Problem:
Here I plot 2 datasets stored in textfiles (in list dataset
) each containing 21.8 billion data points. This makes the data too large to hold in memory as an array. I am still able to graph them as histograms, but I'm unsure how to calculate their difference via a 2 sample KS test. This is because I cannot figure out how to access each histogram in the plt object.
Example:
Here is some code to generate dummy data:
mu = [100, 120]
sigma = 30
dataset = ['gsl_test_1.txt', 'gsl_test_2.txt']

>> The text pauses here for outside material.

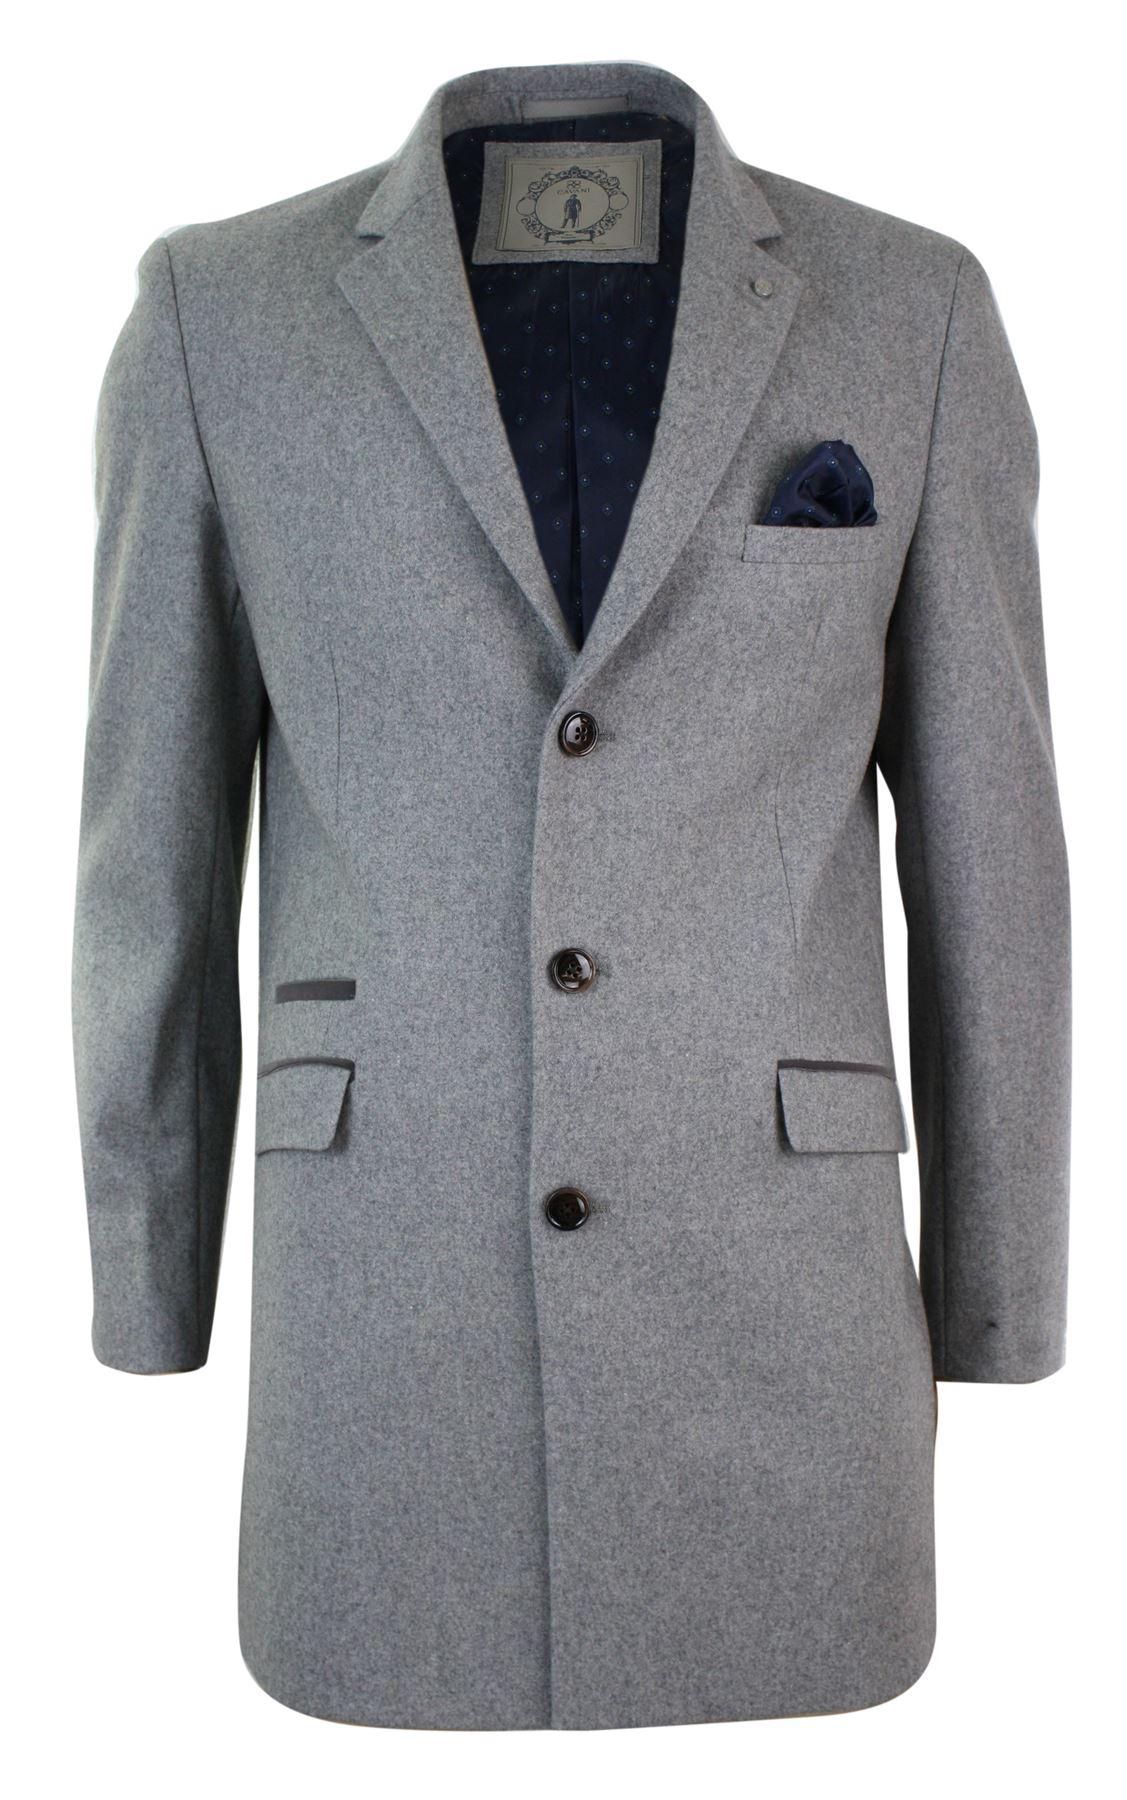 manteau 3 4 homme gris clair laine m lang e tweed feutre. Black Bedroom Furniture Sets. Home Design Ideas

for idx, file in enumerate(dataset):
dist = np.random.normal(mu[idx], sigma, 10000)
with open(file, 'w') as g:
for s in dist:
g.write('{}\t{}\t{}\n'.format('stuff', 'stuff', str(s)))
This generates my two histograms (made possible here):
chunksize = 1000
dataset = ['gsl_test_1.txt', 'gsl_test_2.txt']
for fh in dataset:
# find the min, max, line qty, for bins
low = np.inf
high = -np.inf
loop = 0
for chunk in pd.read_table(fh, header=None, chunksize=chunksize, delimiter='\t'):
low = np.minimum(chunk.iloc[:, 2].min(), low)
high = np.maximum(chunk.iloc[:, 2].max(), high)
loop += 1
lines = loop*chunksize
nbins = math.ceil(math.sqrt(lines))
bin_edges = np.linspace(low, high, nbins + 1)
total = np.zeros(nbins, np.int64) # np.ndarray filled with np.uint32 zeros, CHANGED TO int64
for chunk in pd.read_table(fh, header=None, chunksize=chunksize, delimiter='\t'):
# compute bin counts over the 3rd column
subtotal, e = np.histogram(chunk.iloc[:, 2], bins=bin_edges) # np.ndarray filled with np.int64
# accumulate bin counts over chunks
total += subtotal
plt.hist(bin_edges[:-1], bins=bin_edges, weights=total)
plt.savefig('gsl_test_hist.svg')
Question:
Most examples for KS-statistics employ two arrays of raw data/observations/points/etc, but I don't have enough memory to use this approach. Per the example above, how can I access these precomputed bins (from 'gsl_test_1.txt'
and 'gsl_test_2.txt'
to compute the KS statistic between the two distributions?
Bonus karma: Record the KS statistic and pvalue on the graph!